◆ THE RECORDS:
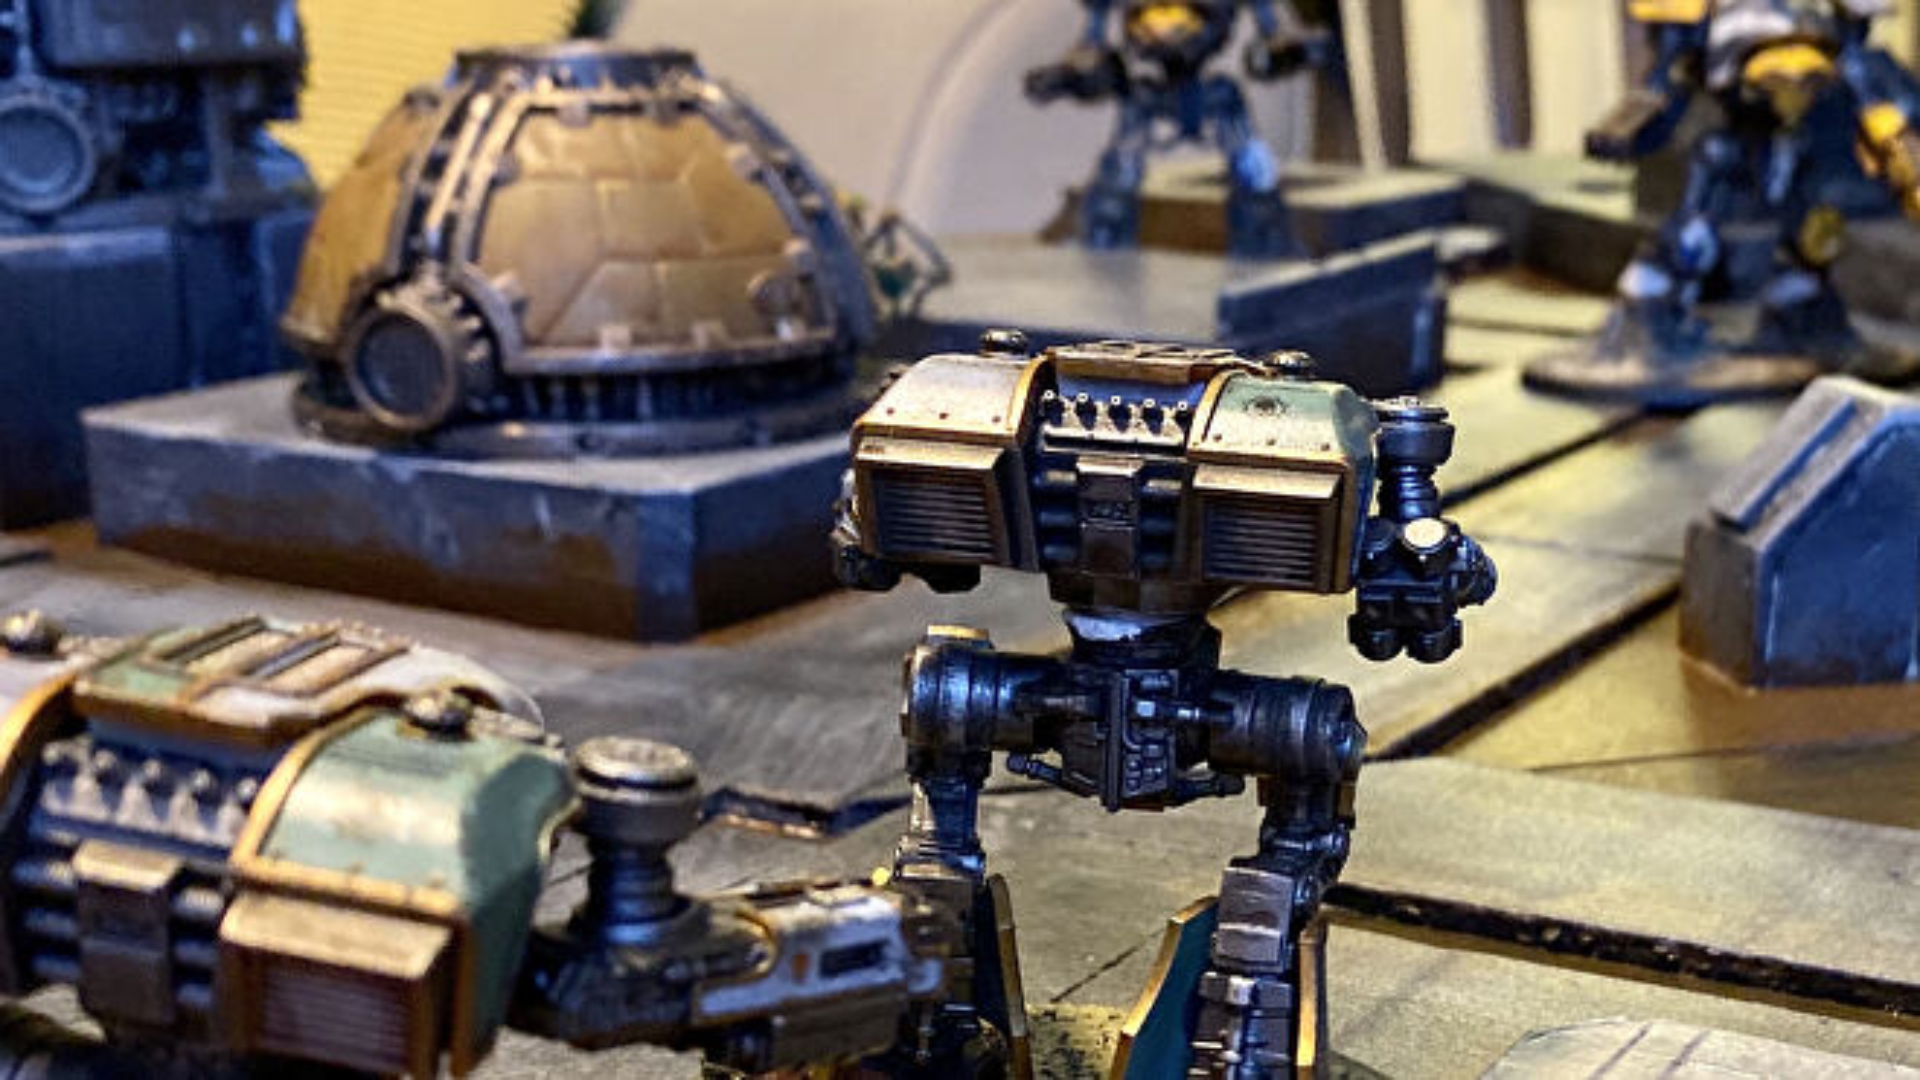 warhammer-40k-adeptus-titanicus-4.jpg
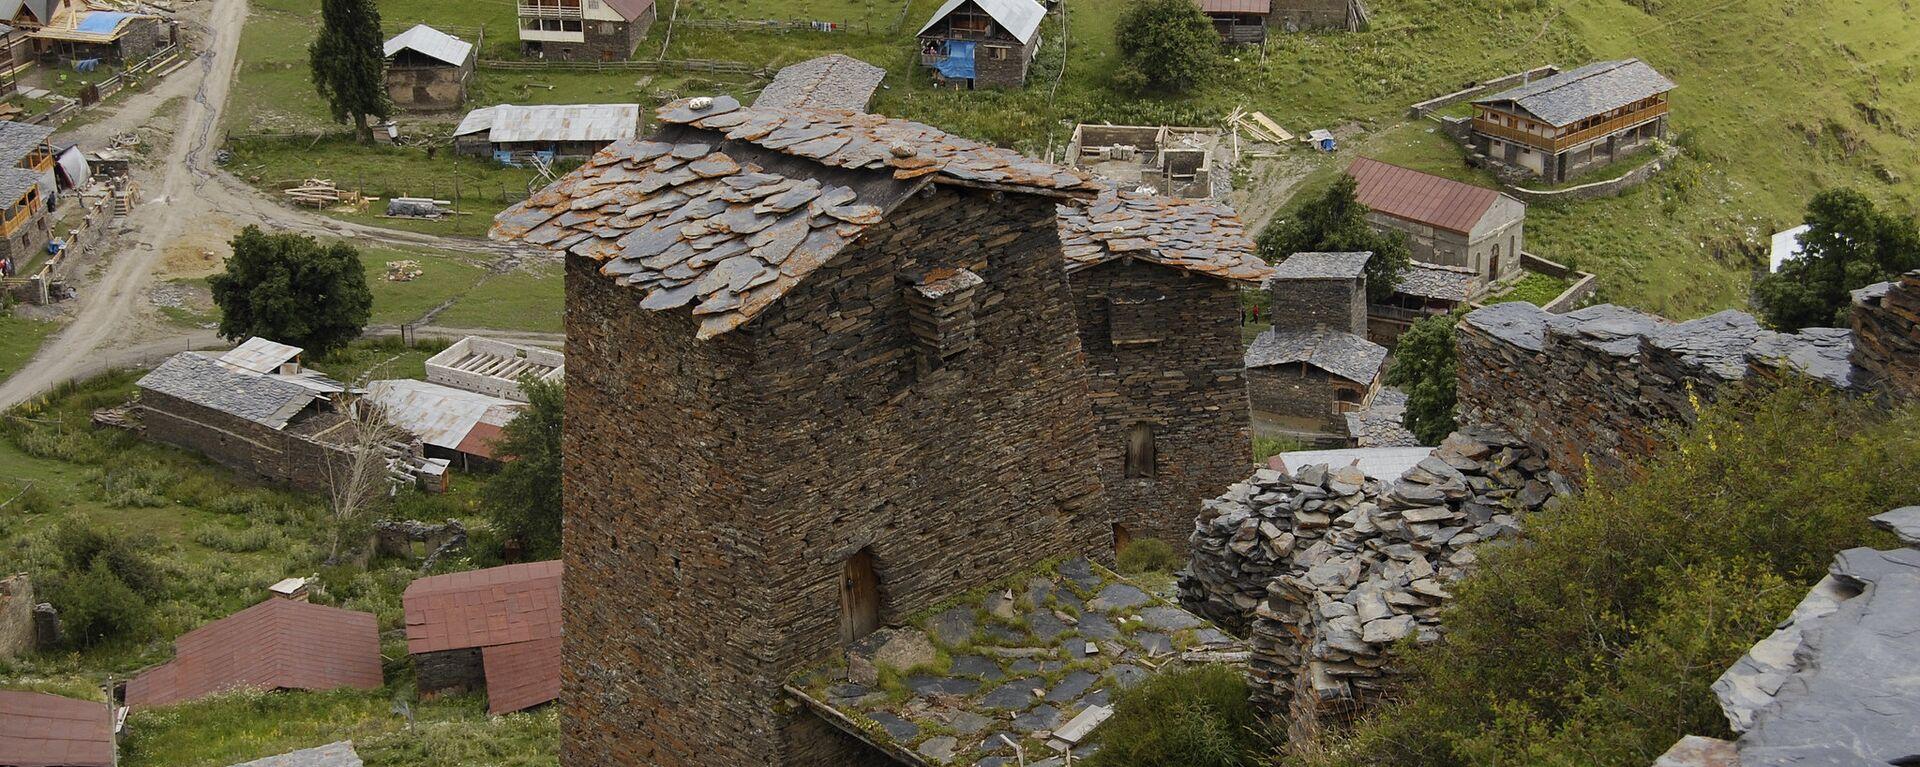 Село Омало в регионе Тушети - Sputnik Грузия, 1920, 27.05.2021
...
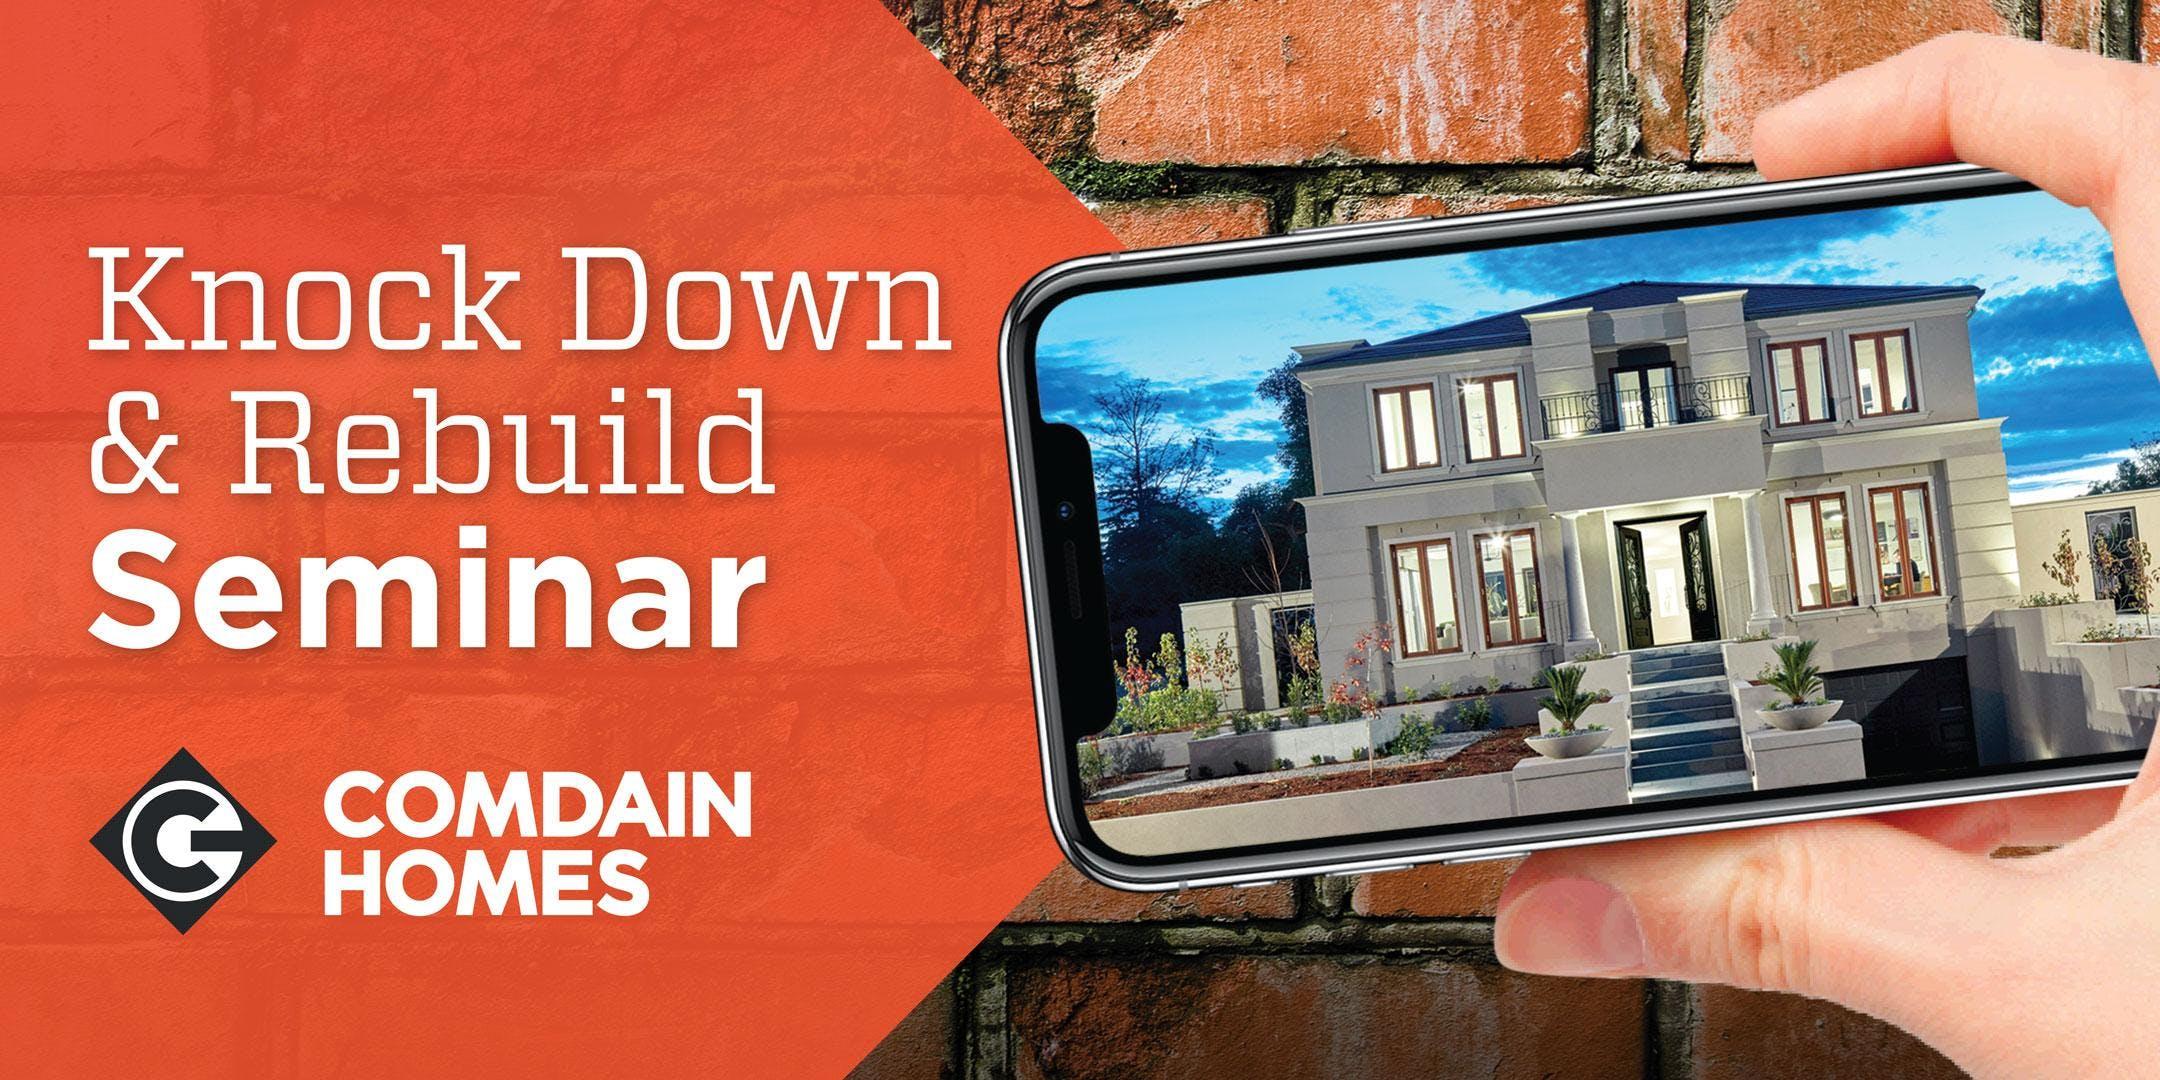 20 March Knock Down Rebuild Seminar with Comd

◆ TASK TO COMPLETE: Write back word for word every line in the entries above from the one with "warhammer-40k-adeptus-titanicus-4.jpg" to the one with "Село Омало в", ends included, and none of the pictures.

◆ SOLVED EXERCISE:
 warhammer-40k-adeptus-titanicus-4.jpg
 Село Омало в регионе Тушети - Sputnik Грузия, 1920, 27.05.2021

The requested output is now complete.